SYNOPSYS INC false 0000883241 0000883241 2022-05-23 2022-05-23

 

 

UNITED STATES

SECURITIES AND EXCHANGE COMMISSION

Washington, D.C. 20549

 

 

FORM 8-K

 

 

CURRENT REPORT

Pursuant to Section 13 or 15(d)

of the Securities Exchange Act of 1934

Date of Report (date of earliest event reported): May 23, 2022

 

 

SYNOPSYS, INC.

(Exact name of Registrant as specified in charter)

 

 

 

Delaware   000-19807   56-1546236

(State or other jurisdiction

of incorporation)

 

(Commission

File Number)

 

(I.R.S. Employer

Identification No.)

 

690 East Middlefield Road
Mountain View, California 94043
(Address of principal executive offices)

Registrant’s telephone number, including area code: (650) 584-5000

N/A

(Former name or former address, if changed since last report)

 

 

Check the appropriate box below if the Form 8-K filing is intended to simultaneously satisfy the filing obligation of the registrant under any of the following provisions:

 

Written communications pursuant to Rule 425 under the Securities Act (17 CFR 230.425)

 

Soliciting material pursuant to Rule 14a-12 under the Exchange Act (17 CFR 240.14a-12)

 

Pre-commencement communications pursuant to Rule 14d-2(b) under the Exchange Act (17 CFR 240.14d-2(b))

 

Pre-commencement communications pursuant to Rule 13e-4(c) under the Exchange Act (17 CFR 240.13e-4(c))

Securities registered pursuant to Section 12(b) of the Act:

 

Title of each class

 

Trading

Symbol(s)

 

Name of each exchange

on which registered

Common Stock (par value of $0.01 per share)   SNPS   Nasdaq Global Select Market

Indicate by check mark whether the registrant is an emerging growth company as defined in Rule 405 of the Securities Act of 1933 (§230.405 of this chapter) or Rule 12b-2 of the Securities Exchange Act of 1934 (§240.12b-2 of this chapter).

Emerging growth company  

If an emerging growth company, indicate by check mark if the registrant has elected not to use the extended transition period for complying with any new or revised financial accounting standards provided pursuant to Section 13(a) of the Exchange Act.  ☐

 

 

 


Item 5.02

Departure of Directors or Certain Officers; Election of Directors; Appointment of Certain Officers; Compensatory Arrangements of Certain Officers.

 

(d)

Election of Director

On May 23, 2022, in accordance with the applicable provisions of its amended and restated bylaws, the Board of Directors (the “Board”) of Synopsys, Inc. (“Synopsys”) increased the size of the Board from eight to ten directors and appointed Luis Borgen and Marc Casper (each an “Appointee” and together, the “Appointees”) to serve as directors effective immediately.
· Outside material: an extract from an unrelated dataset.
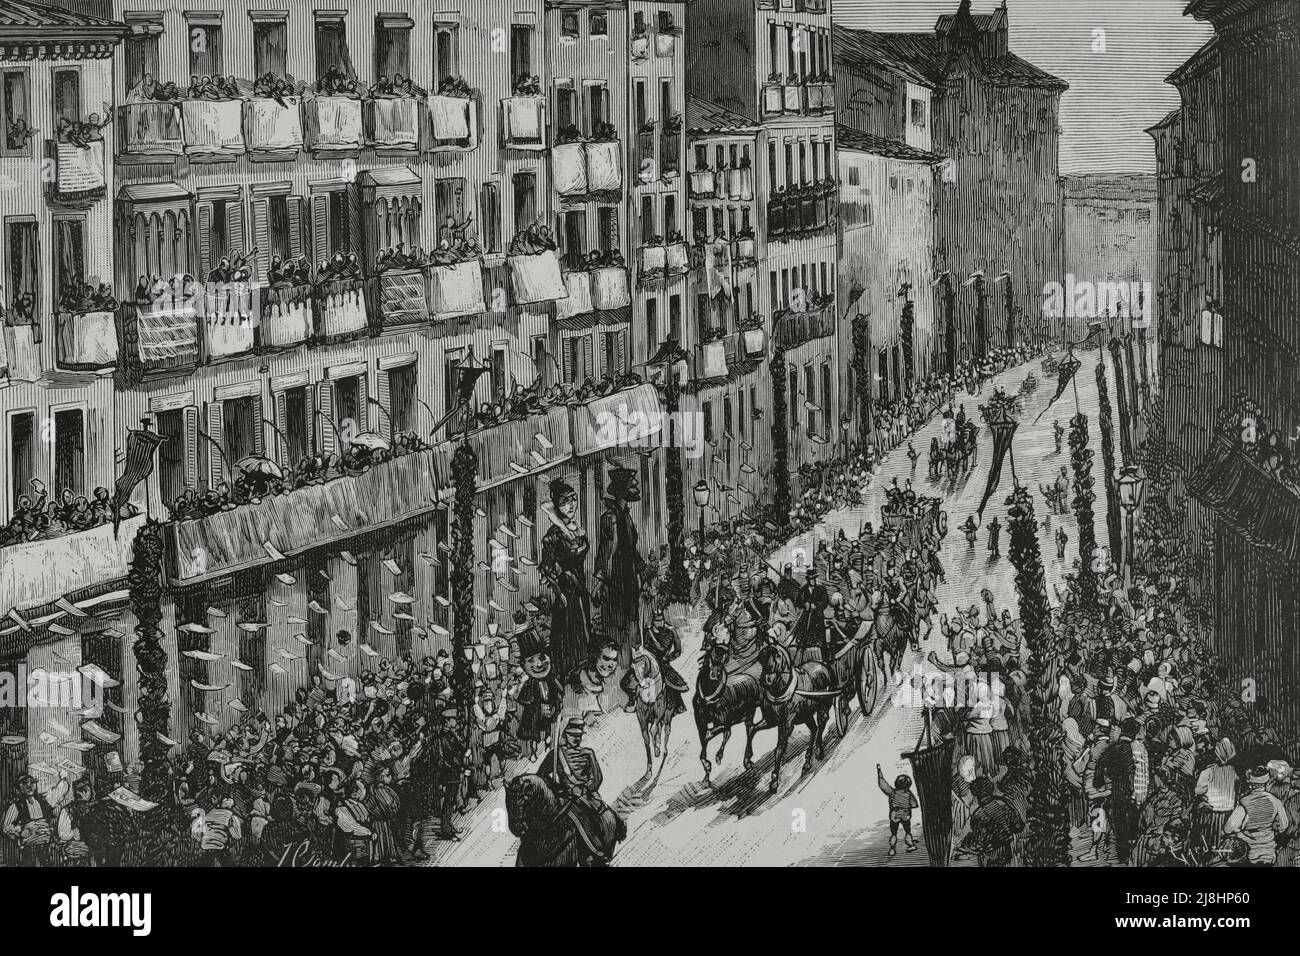 Spain, Aragon, Huesca. Inauguration of the Canfranc railway. Entrance of King Alfonso XII (1857-1885) into the city of Huesca, on October 22, 1882. Engraving by Capuz. Stock Photo

The Board has determined that each Appointee qualifies as an independent director in accordance with the listing requirements and rules of the Nasdaq Stock Market LLC and Synopsys’ Corporate Governance Guidelines. The Board expects to appoint each of the Appointees to one or more committees of the Board at a later date.

Mr. Borgen served as Chief Financial Officer of athenahealth, Inc. (“athena”), a provider of cloud-based healthcare products and services, from September 2019 to April 2022. Prior to joining athena, Mr. Borgen served as Chief Financial Officer of Vistaprint from 2017 to 2019, of DavidsTea Inc. from 2012 to 2017 and of DaVita Inc. from 2010 to 2012. Mr. Borgen serves on the board of directors of Carters, Inc. and Eastern Bankshares, Inc.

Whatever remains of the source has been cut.